[Information shown]
#####

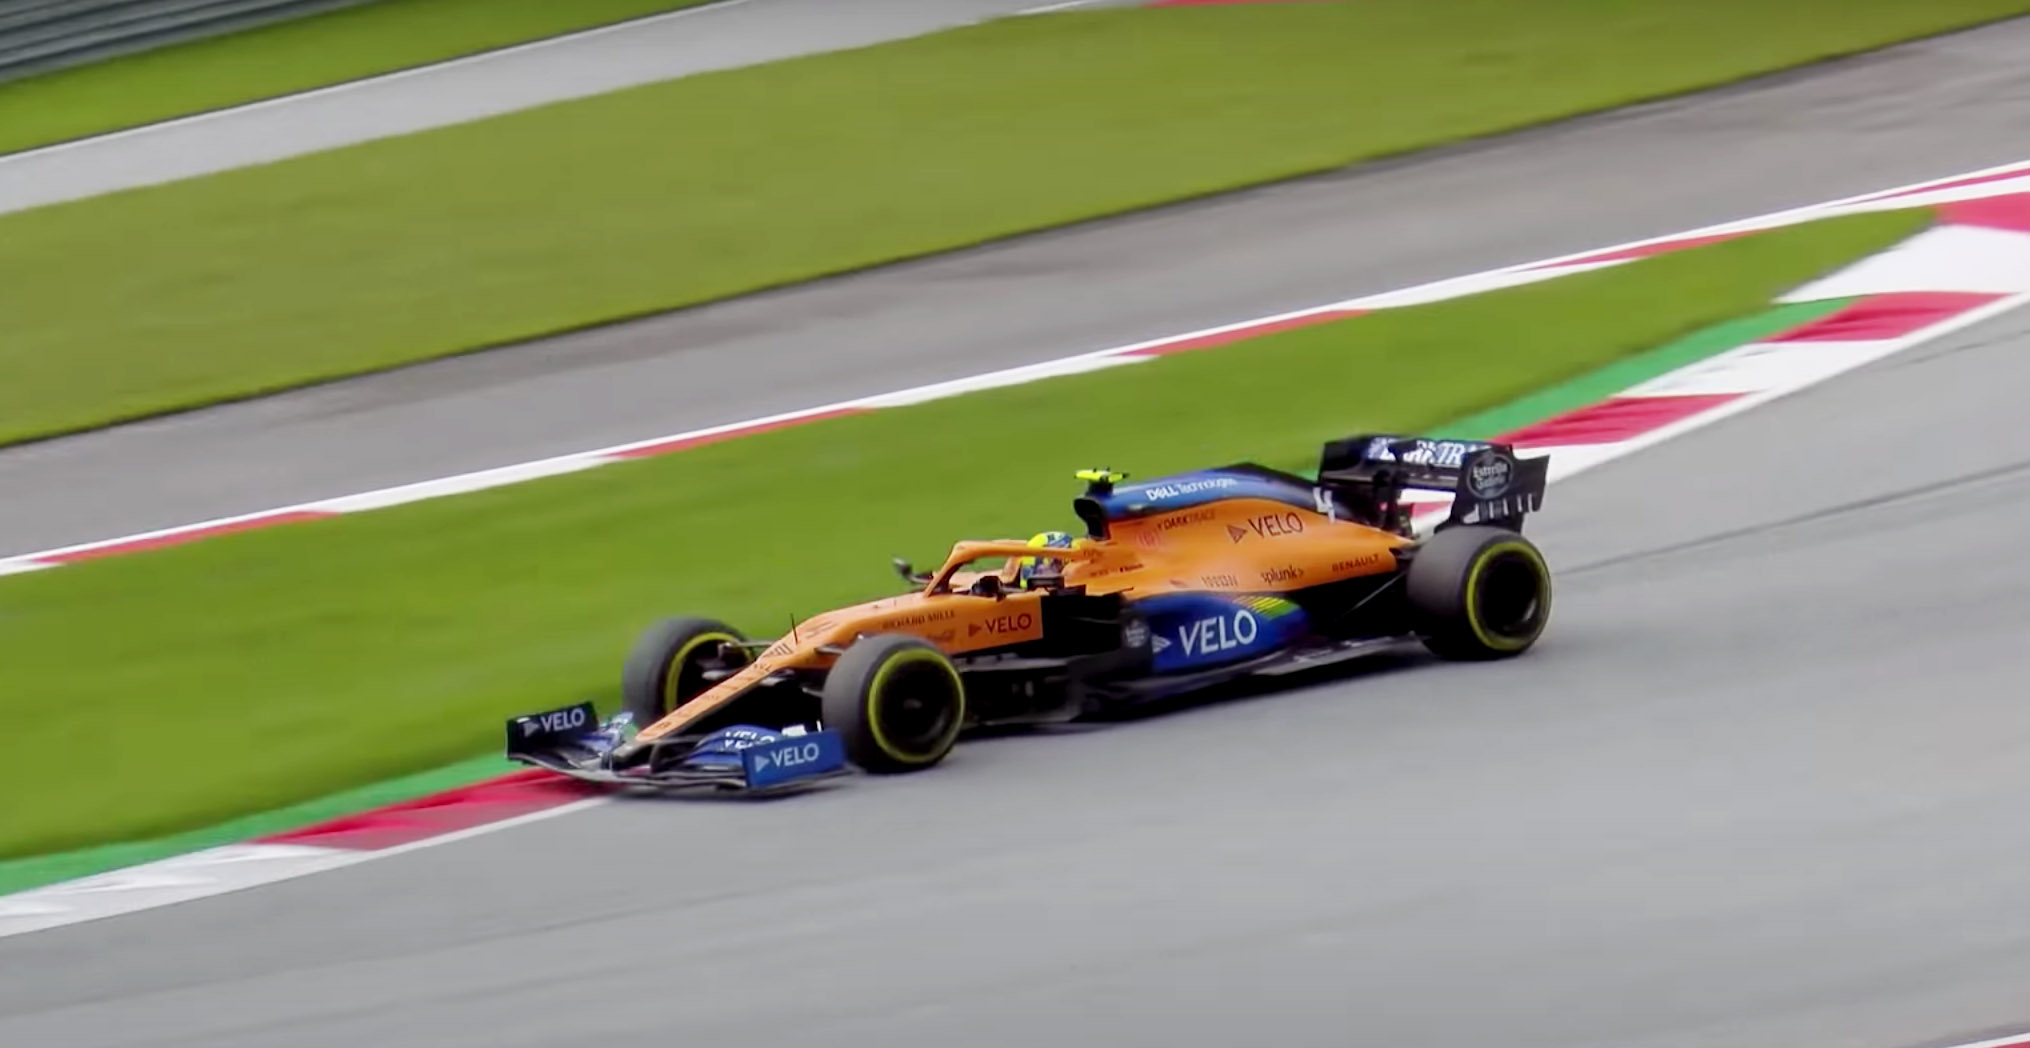 2020 Styrian Grand Prix
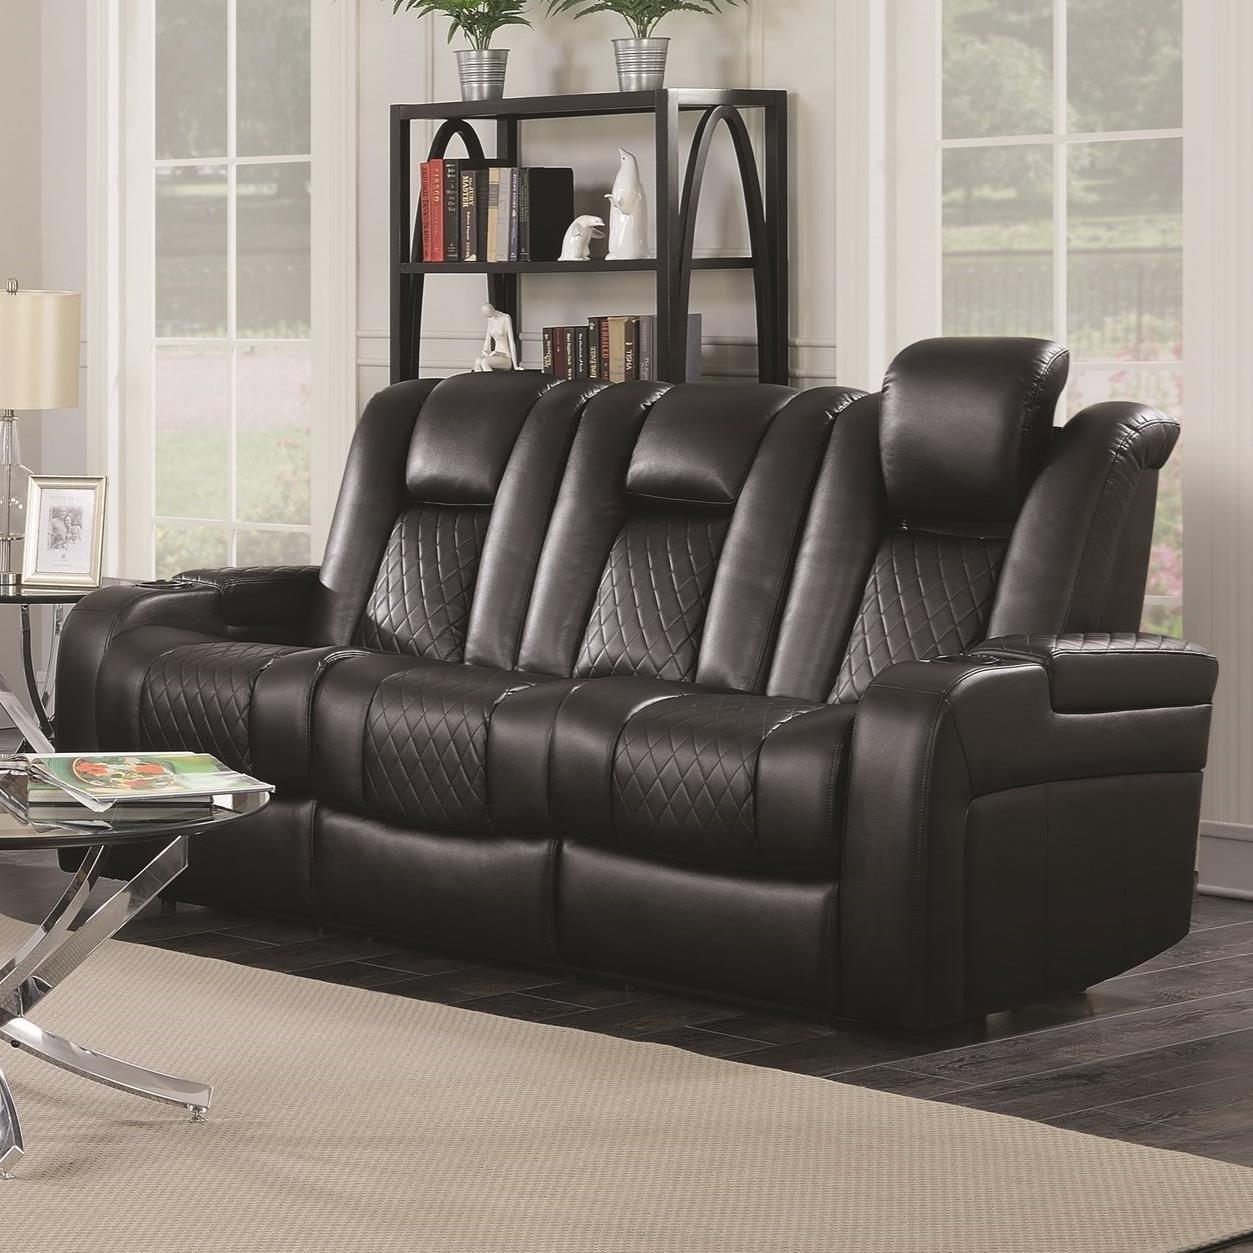 Delangelo Power Reclining Sofa
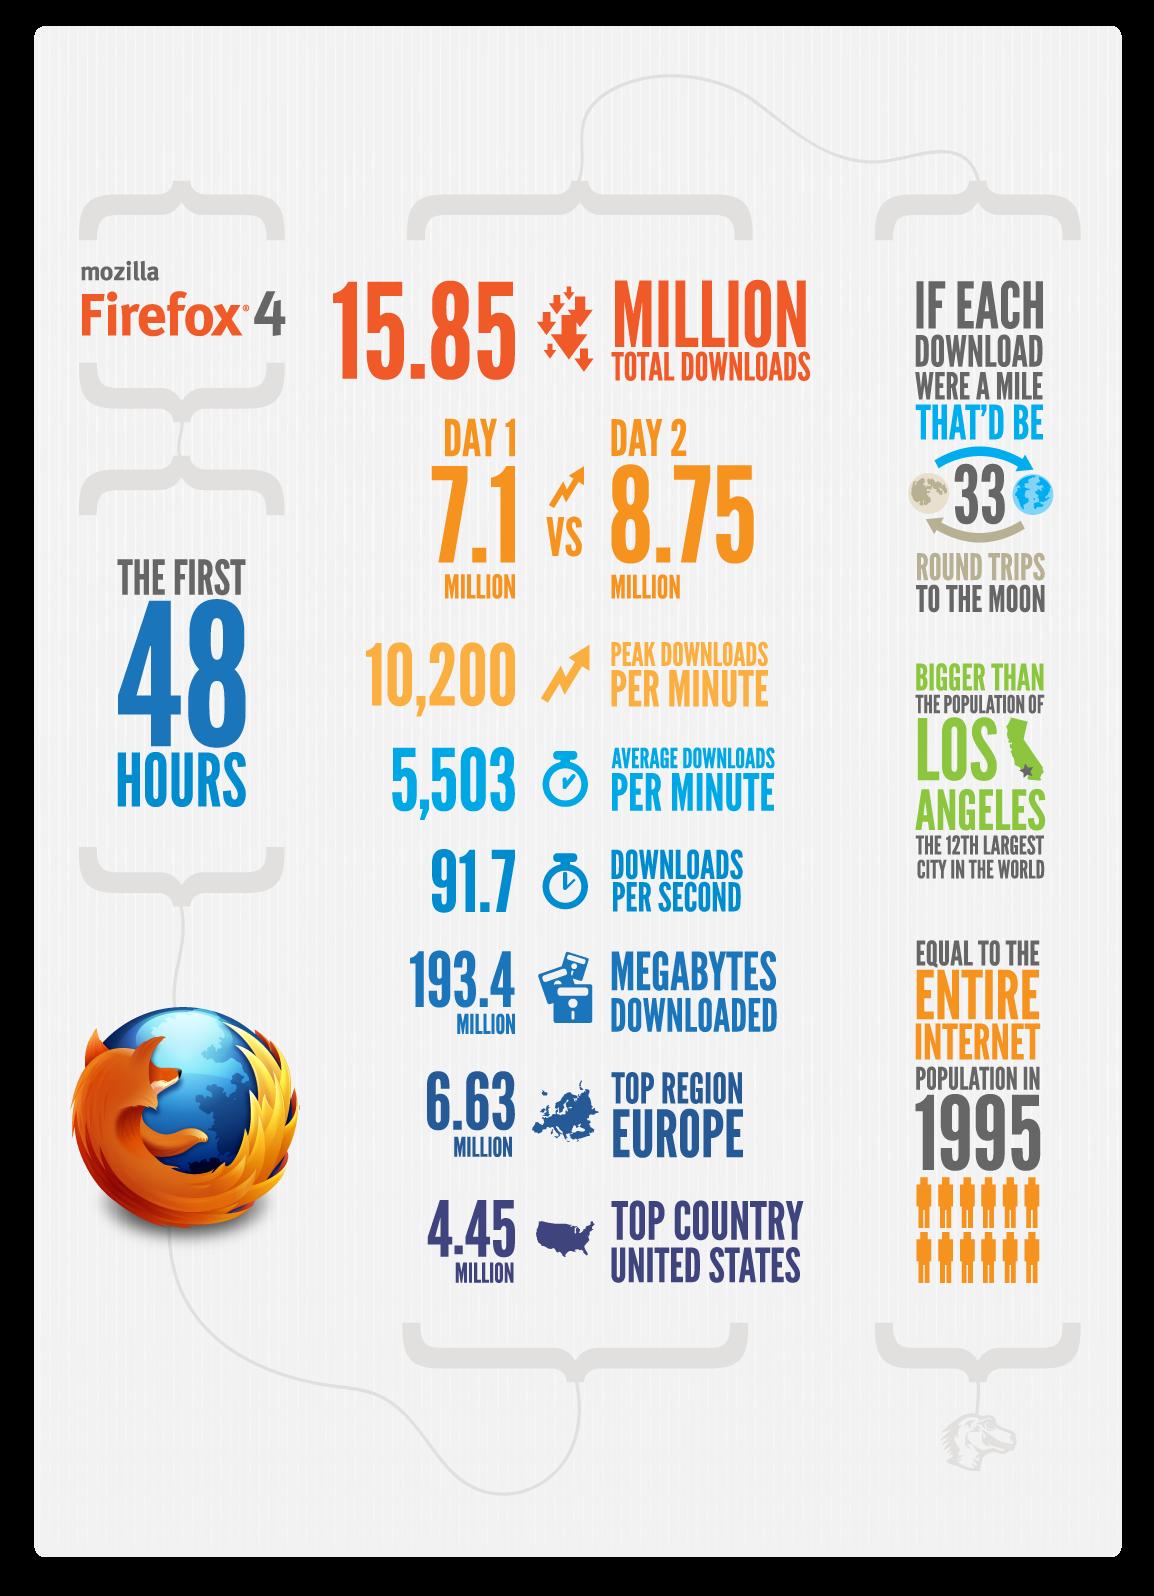 Infografía - Primeras 48 horas de Firefox 4
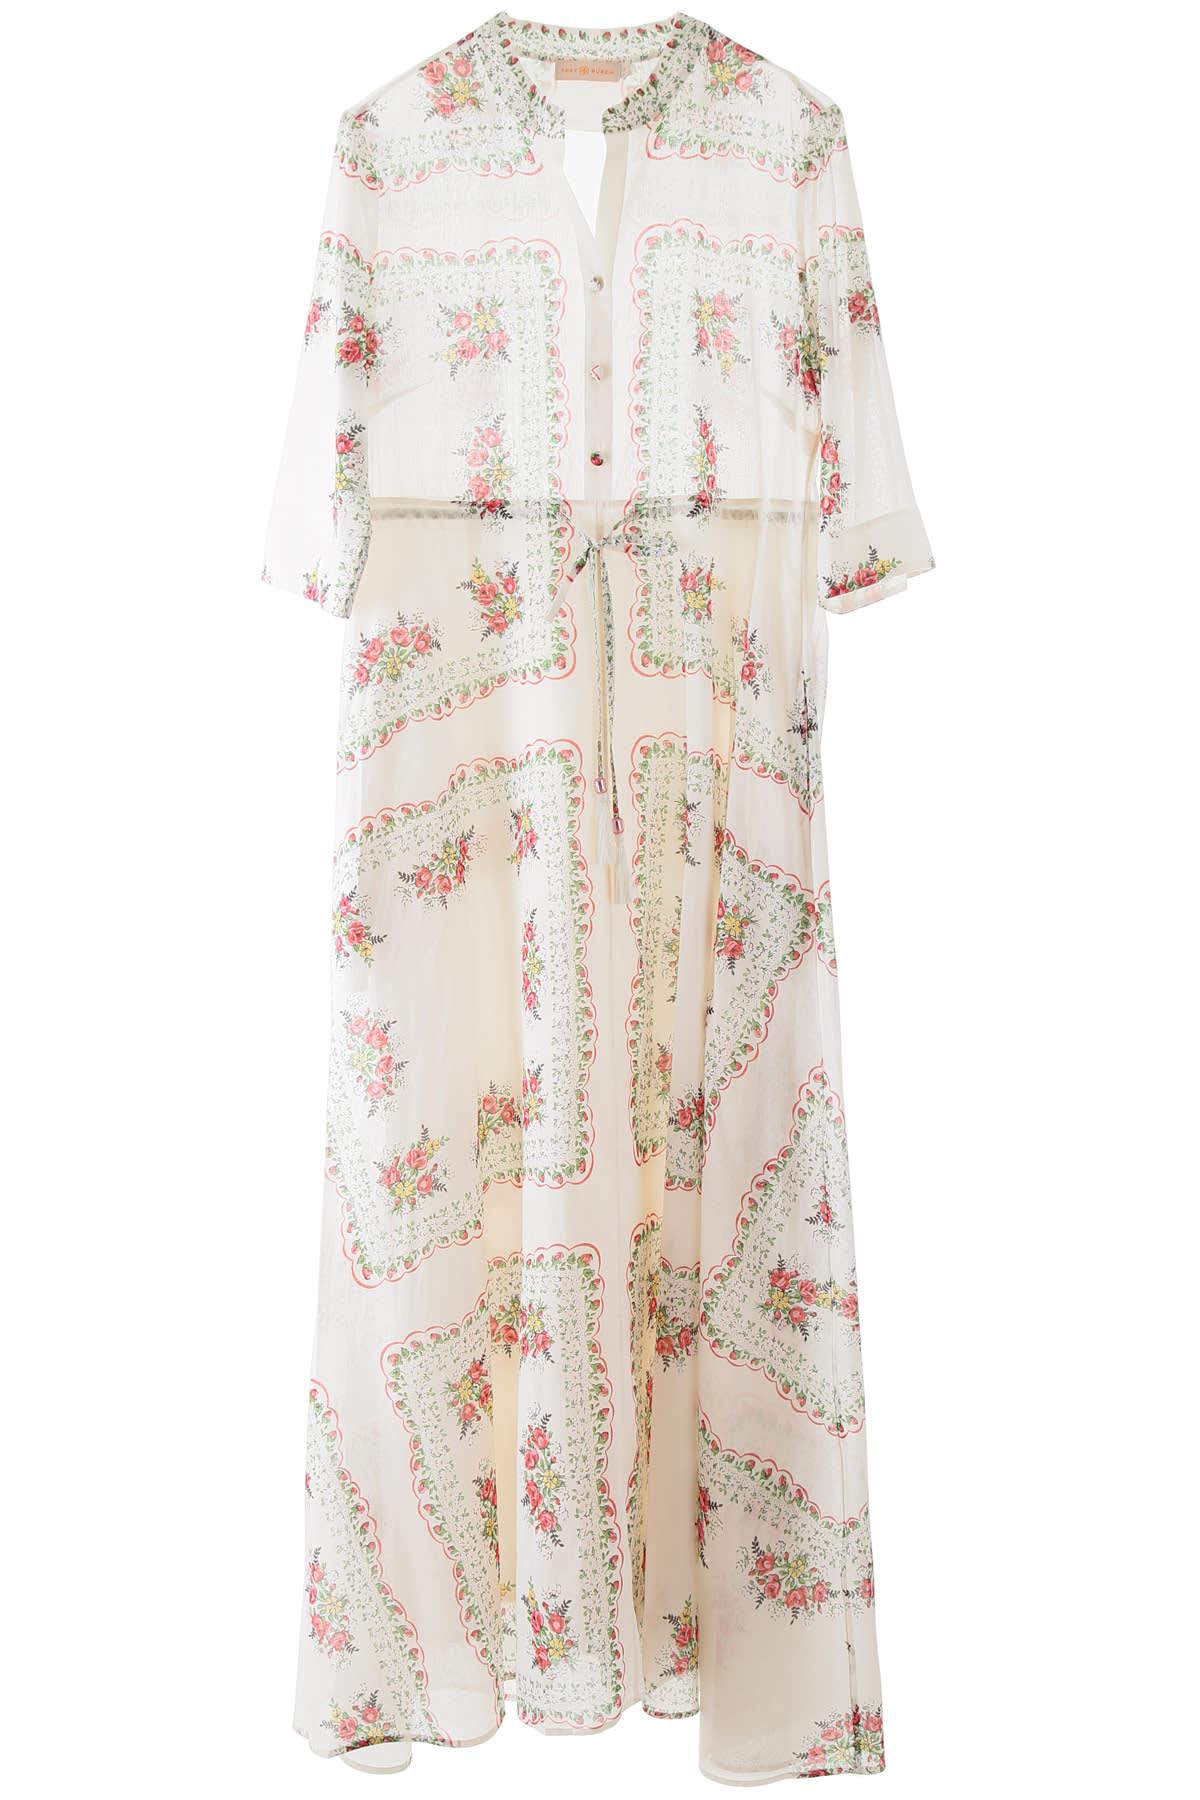 Buy Tory Burch Printed Shirt Dress online, shop Tory Burch with free shipping

#####

[What is needed] Find the line containing "Infografía - Primeras 48 horas de Firefox 4", then extract it and every line after it to the end of the data above, exactly and nothing else, without pictures.

[Solution to the exercise]
 Infografía - Primeras 48 horas de Firefox 4
 Buy Tory Burch Printed Shirt Dress online, shop Tory Burch with free shipping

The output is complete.